Christmas … what happened?


Christmas, candles lit


in welcome windows


Christmas, shopping buy


buy buy and screw the budget


Christmas, overeating venison


hit the booze pop the champers


get pissed while millions


all around the world will starve


to death during Christmas,


without a home; Christmas


in a cardboard box outside


Christmas, new expensive


clothes for wild and sex-filled


parties fucking up a happy


marriage or two or more


making matches that won’t


last over the New Year


Christmas, drunken fights


in pubs and in the street


Christmas, chic diamonds,


bored dining at the chic silver


crystal and over-boring restaurant


soft Christmas music in the


background fake laughter


all around, much of the


excessive chow left over


thrown out, it’s Christmas.


Christmas, ‘must go to


the in-laws, bloody hell’


Christmas, ‘family get-


together’ only once a year,


thank G-d!
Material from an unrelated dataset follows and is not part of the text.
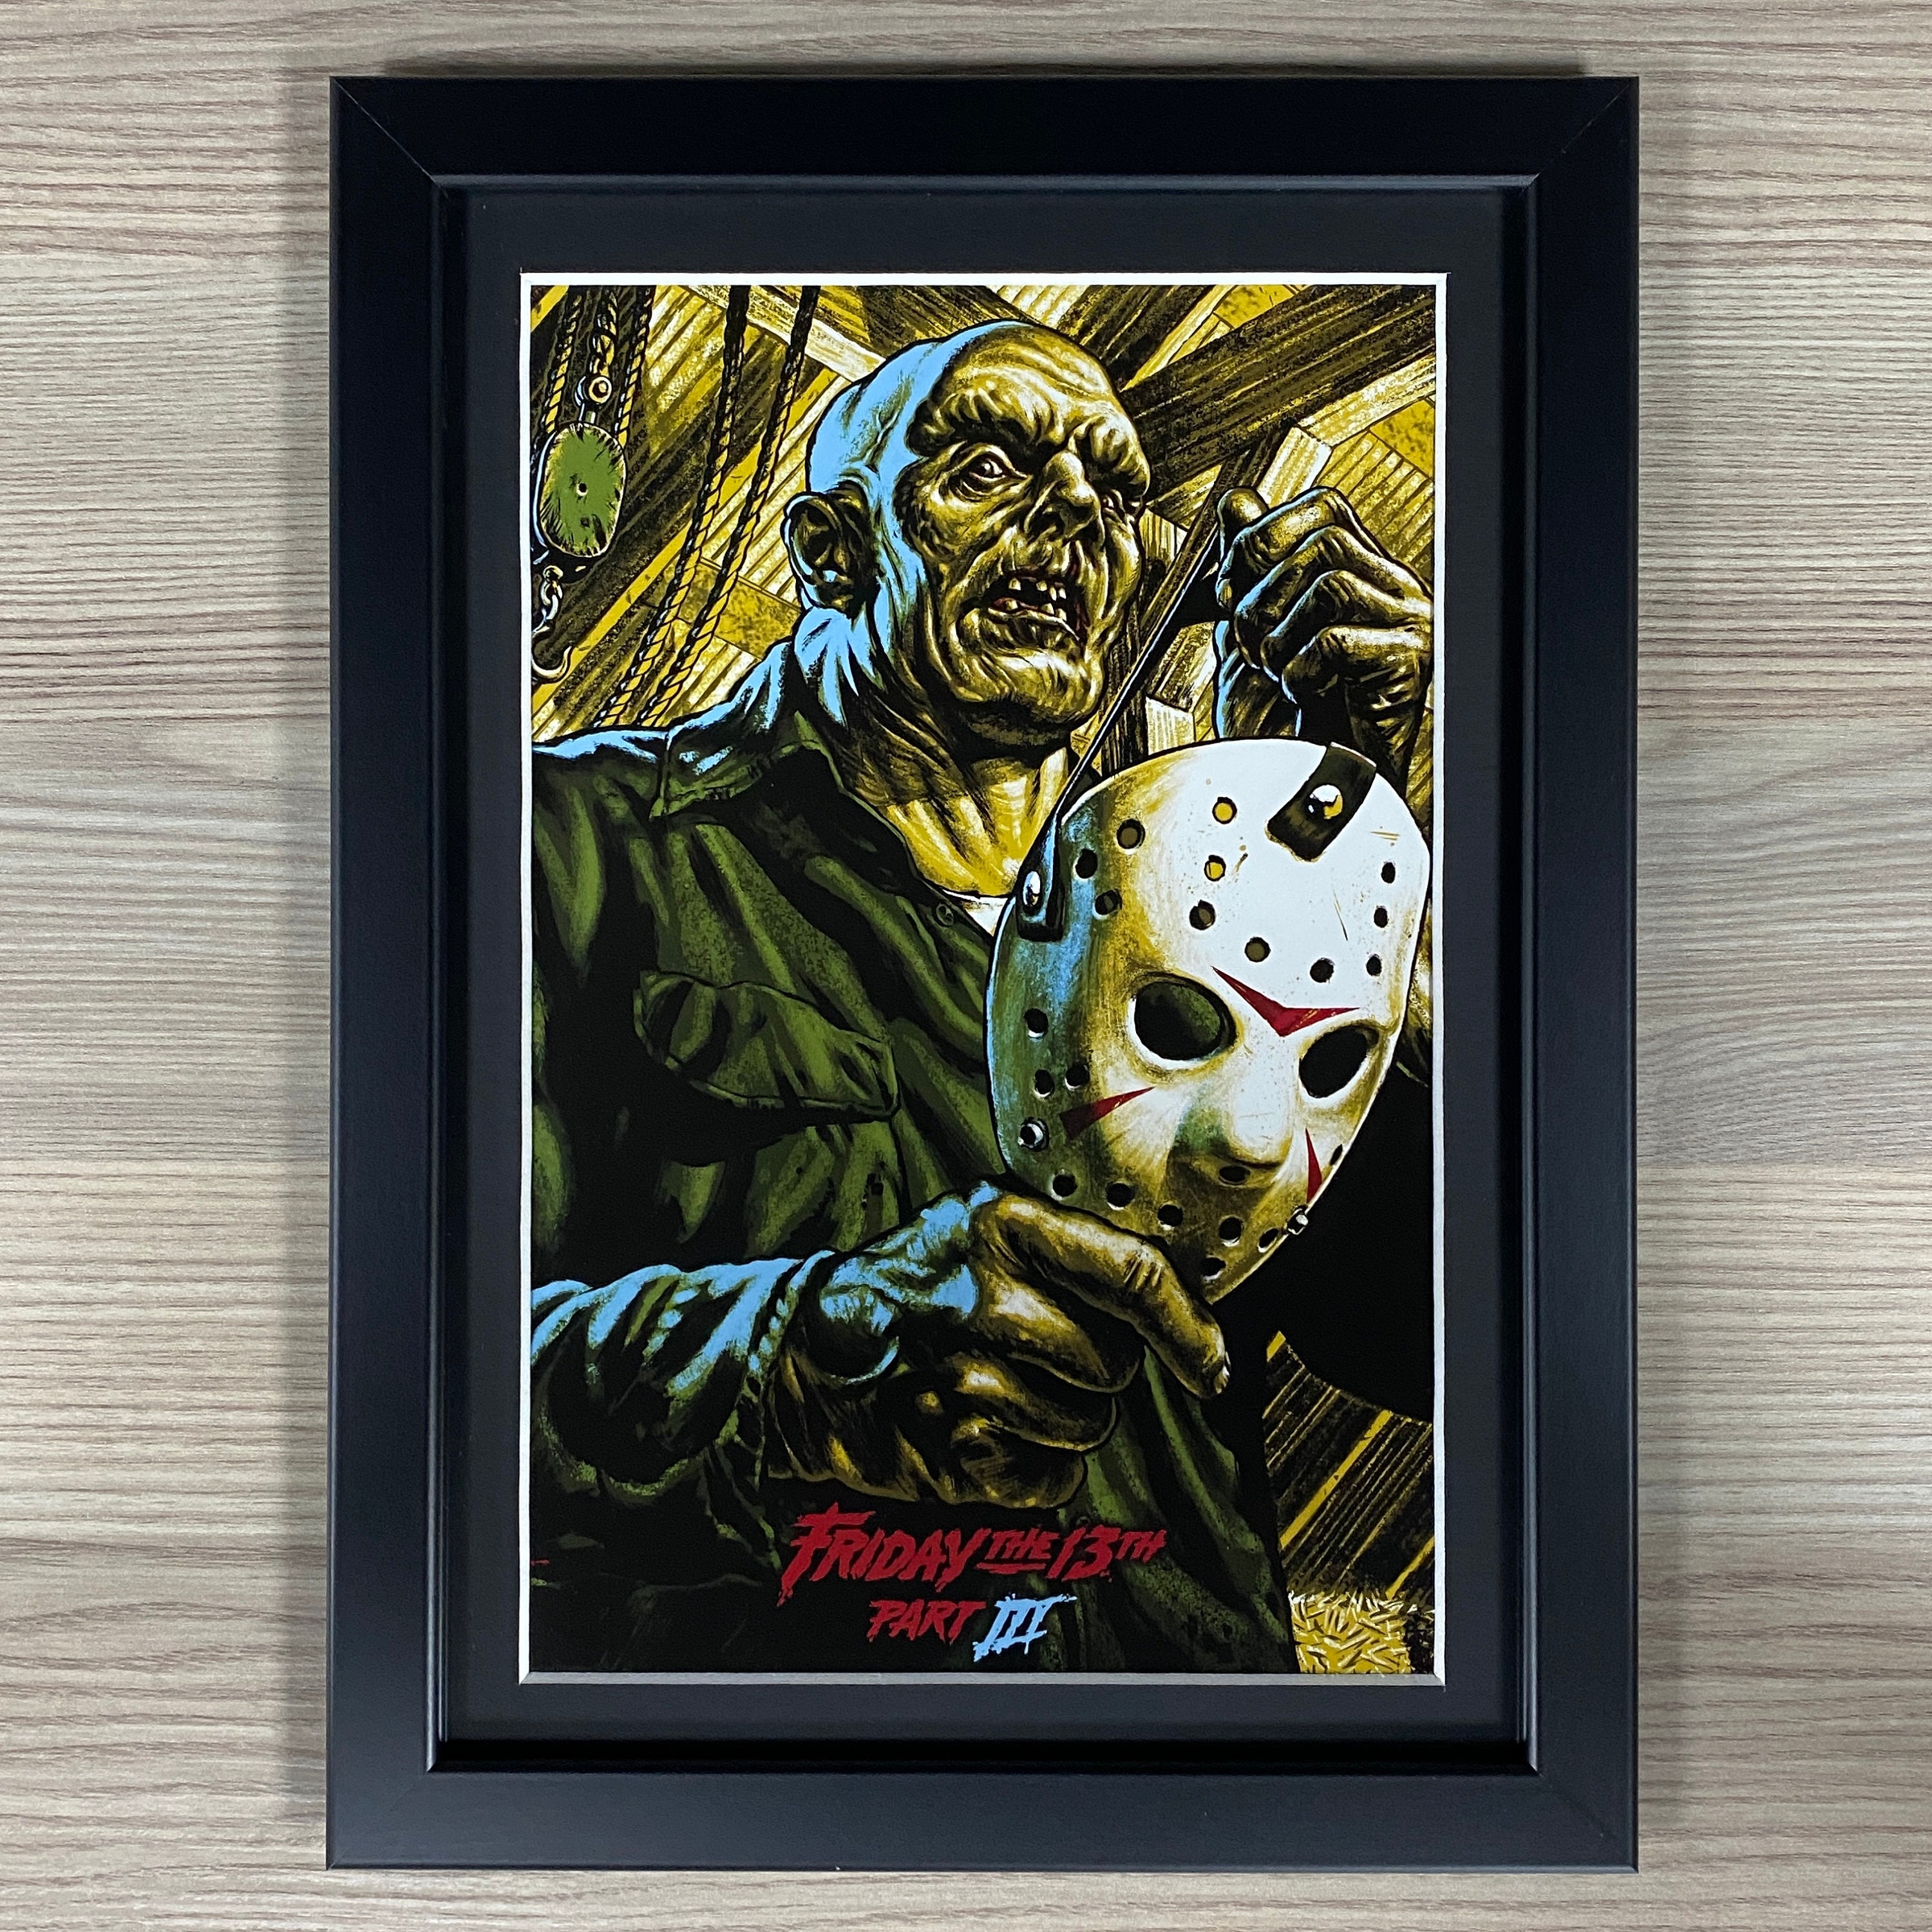 Friday The 13th Movie Collage Poster, Framed Art, Jason Voorhees, NEW, USA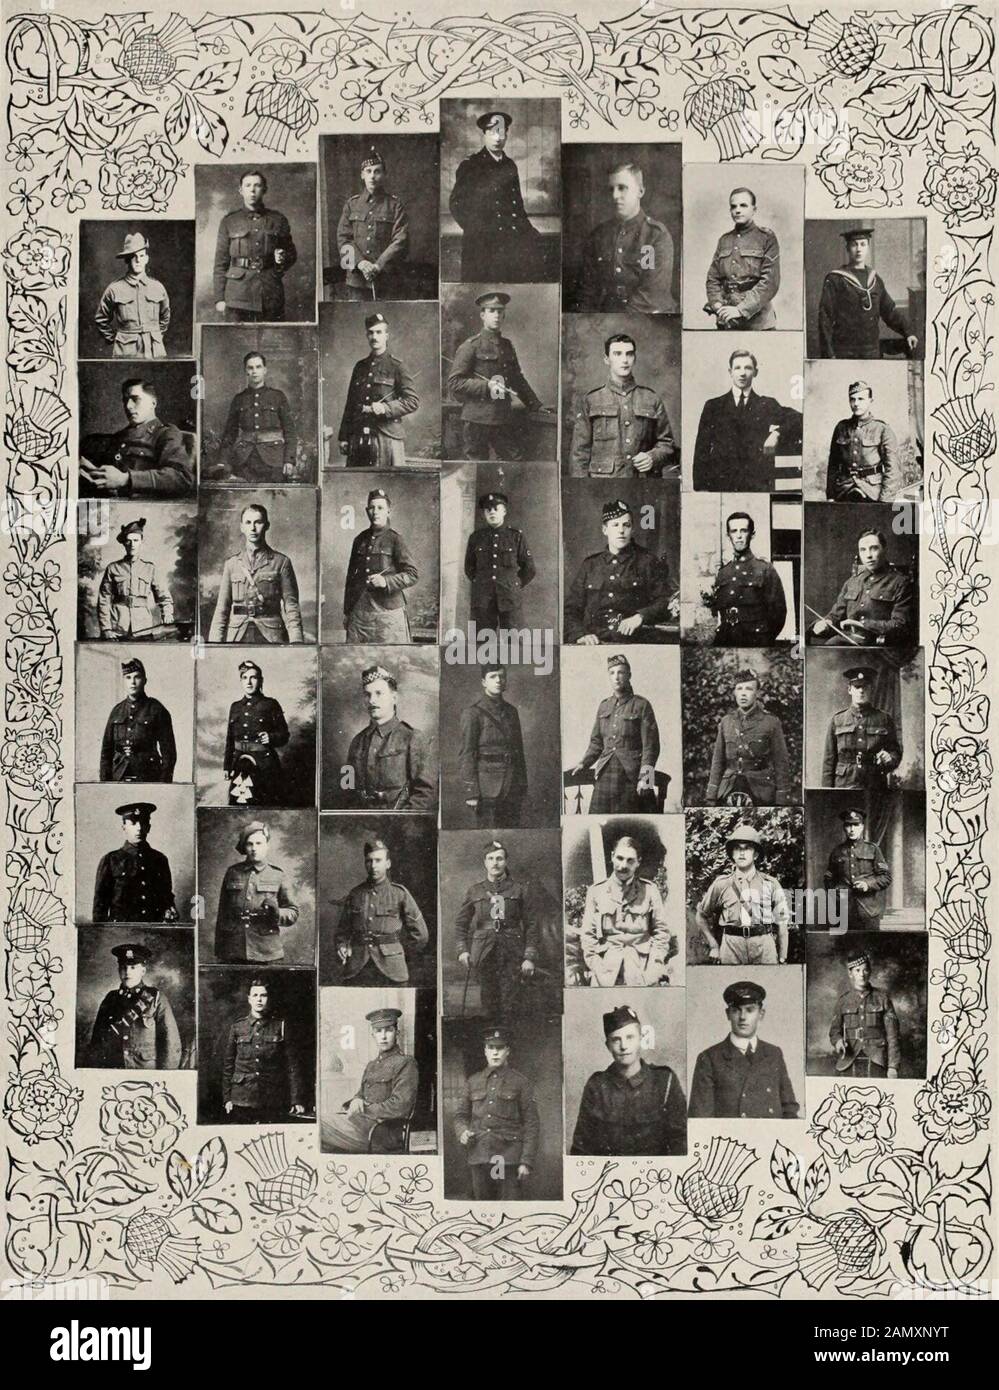 Roll of honour of the pupils and staff of Dunfermline High School . G. Muir; /..-Cf&gt;l. T. Cooler. Pte. G. Farmes; Pte. -M. Paton; 1st Row— Lt. J. MGregror; Pte. J. Brown  Pion. J. Barber: Lt. J. Morson; Cdt. G. Hig-gs; Dr2nd Row—Pte. A. Low, .1/..1/. ; Pte. W. Hendry; Lt. D. Thomson; Gr. J. MGregor; Cdt. F. Marshall. 3rd Row—Pte. J. Paterson : Pte. I). Broun ; Pte. D. Thompson ; Pte. A. Brown ; L.-Cpl. V. Wilson ; Pte. G. Kemp ; Gr. W. Black.4th Row—L.-Cpl. J. Beveridge ; Pte. I. Seaton ; /./. A. MKechnie ; L.-Cpl. A. Clark ; Pte. D. Bernard ; Pte. K. Brown ; Pte. J. Mitchell.5th Row—Cdt. Stock Photo

Oh, shit, He’s


also in the Christmas scene


together with His Son


Christmas, Birthday of


the Saviour who was


not saved … just like


that soldier in a far-off


foreign desert land


fighting in the name of


G-d or the present leader


of his saviour country, even


during what they still call


The Merry Christmas Season.


Christmas again.


I cannot help but wonder


each and every year


what –


in G-d’s name –


what the hell


ever happened


to Christmas,


Peace On Earth?


© 2006 Ruth Deborah Rey

So true.

That about sums up my reasons of hibernation for the day Ruth, thanks.

Maybe that is why I am here in the countryside here in

France and not the glitzy city of London with the banking boys

and the need for keeping up with the Beckhams.